Purpose of the Study:
- To develop an efficient and precise nuclide identification method.
- To enhance the speed and accuracy of nuclide identification in radiation detection scenarios.
- To validate the proposed method's performance under various noise and nuclide mixture conditions.
Main Methods:
- Hybrid dynamic Bayesian network modeling of detector output pulse events.
- Utilizing Monte Carlo simulations to assess pulse event-to-monoenergetic ray energy correspondence.
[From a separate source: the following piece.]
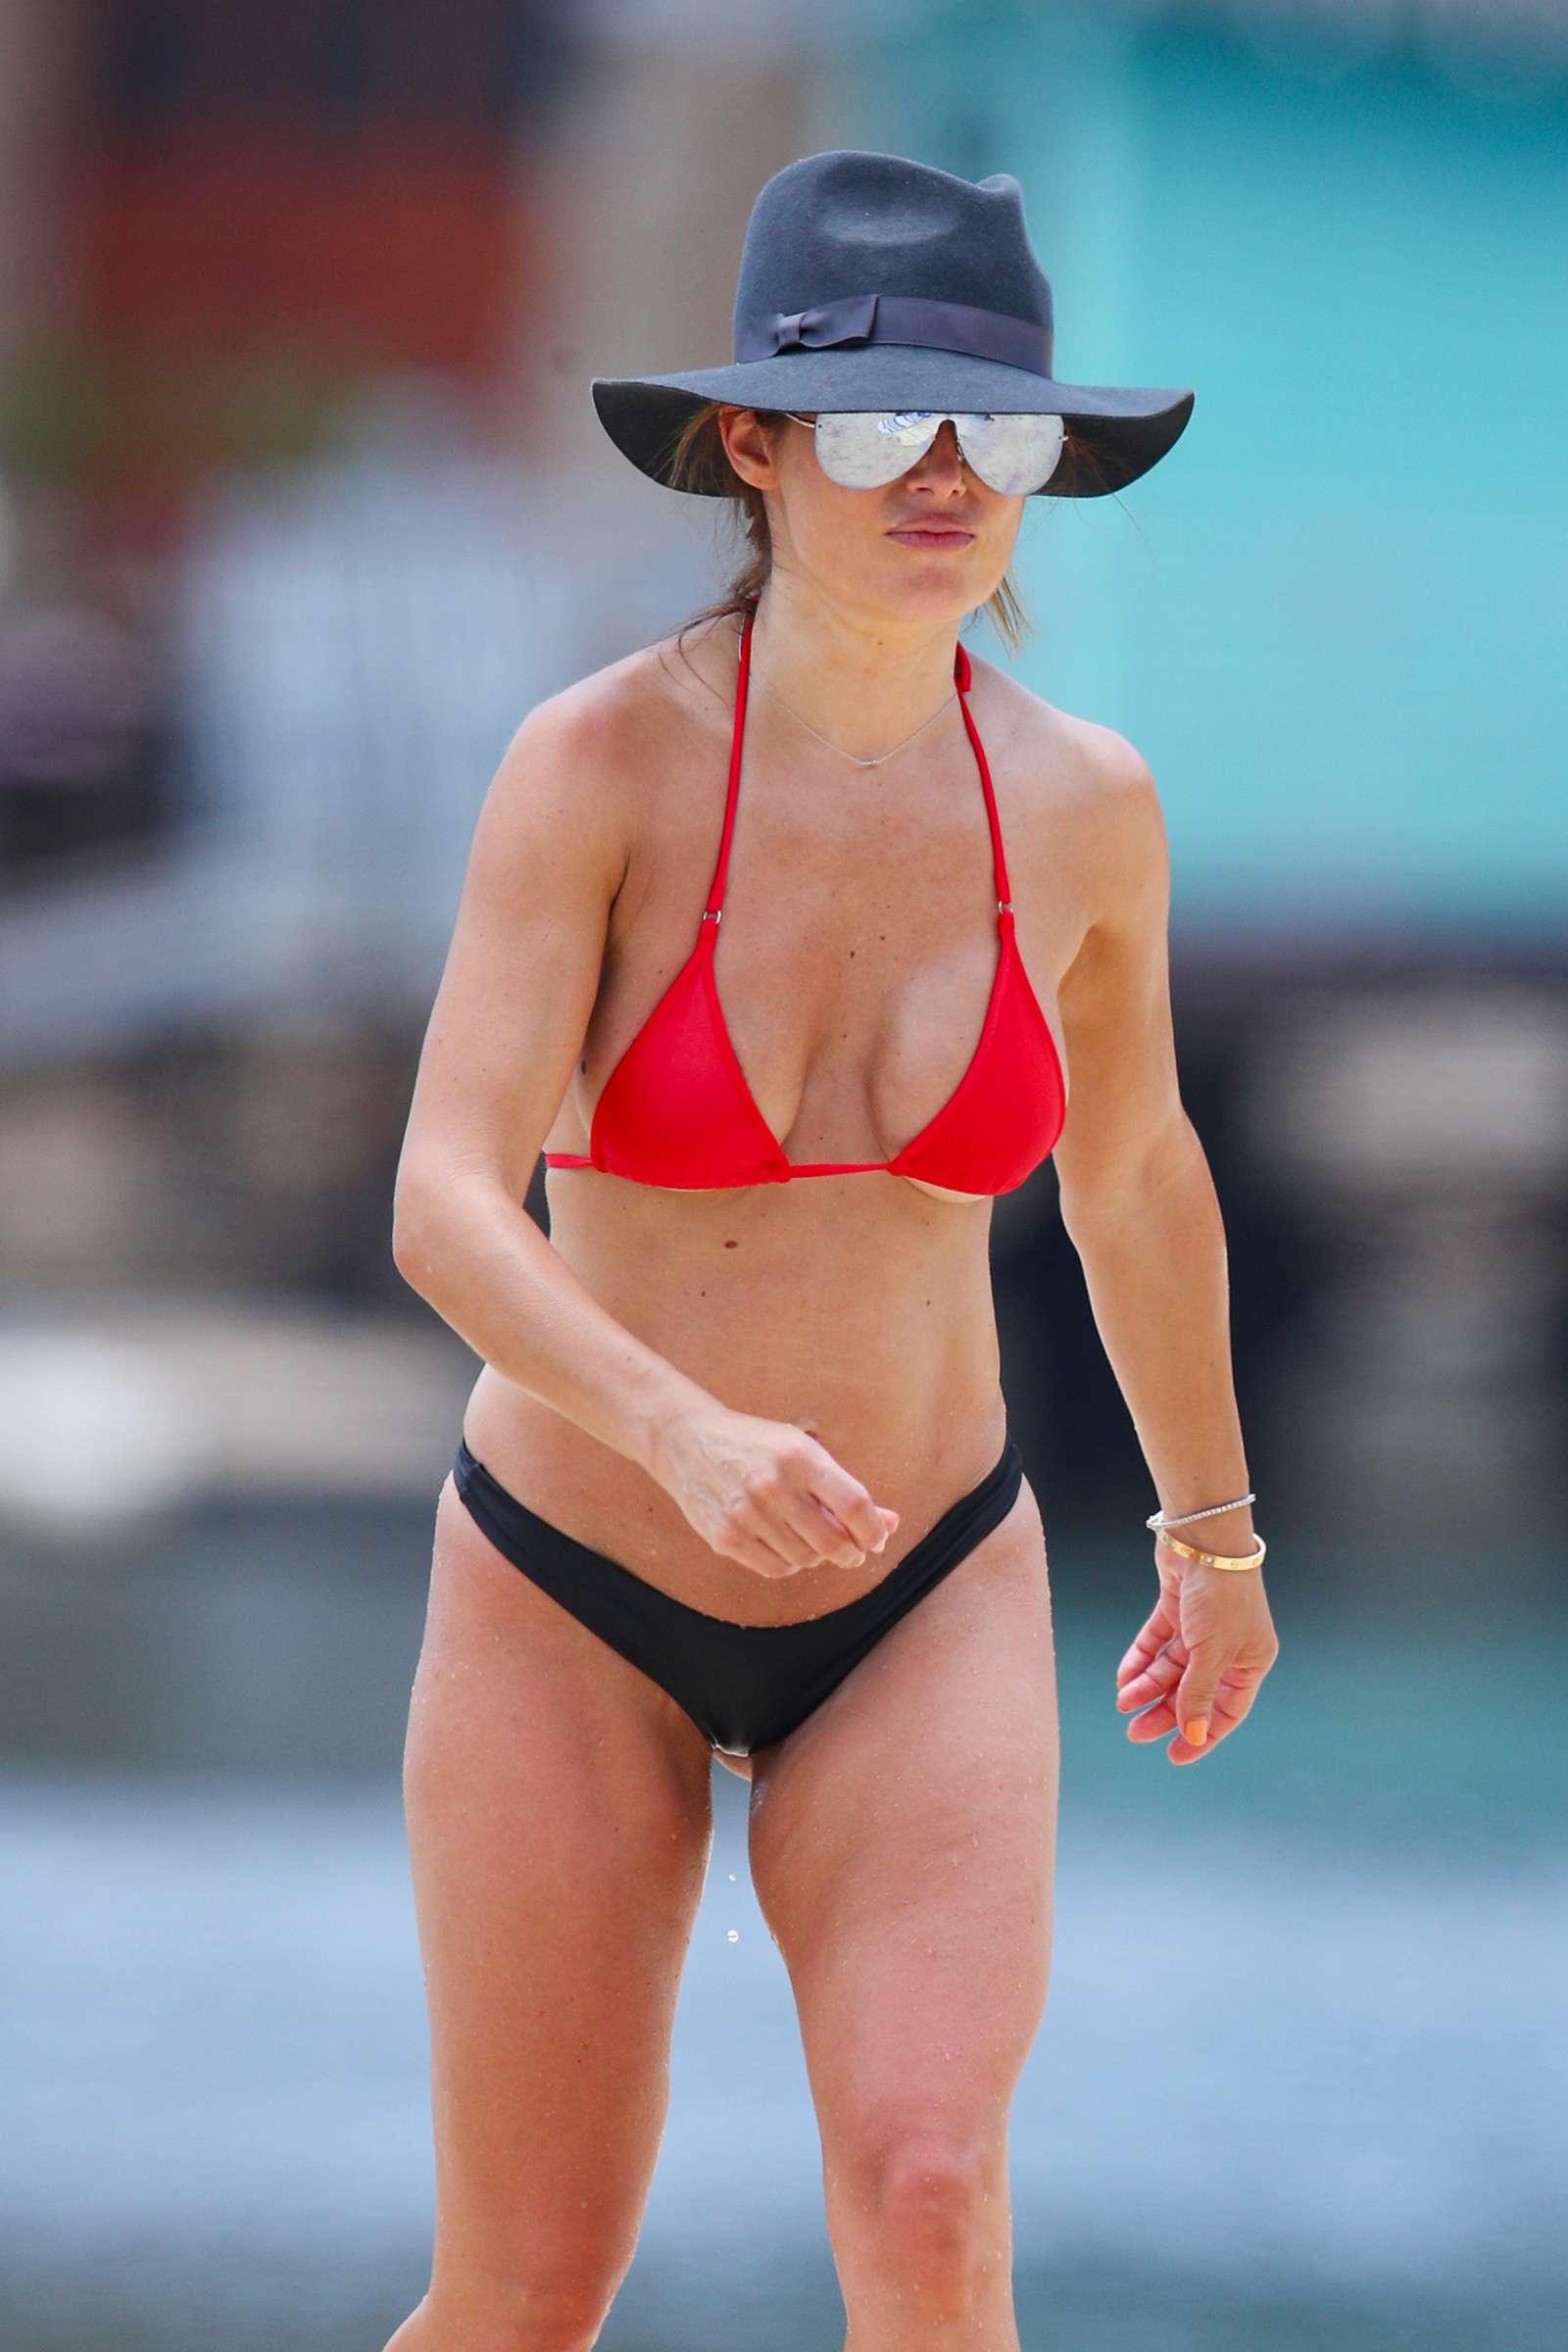 Ada Nicodemou in Black and Red Bikini at a beach in Sydney

- Implementing a probabilistic propagation algorithm for continuous model refinement and a sequential test for enhanced identification.
Main Results:
- Achieved over 91.3% identification accuracy in single-nuclide scenarios with a 1:7 background-to-nuclide intensity ratio.
- Demonstrated high detection rates for specific nuclides (e.g., >81% for 137Cs, ~100% for 60Co) in dual-nuclide scenarios.
- In multi-nuclide scenarios, identification rates reached up to 99.6% with a false alarm rate below 0.8%.
Conclusions:
- The proposed hybrid dynamic Bayesian network method is feasible and effective for rapid nuclide identification.
- The method shows significant potential for improving radiation detection and analysis.
- Continuous refinement and sequential testing enhance performance in realistic detection environments.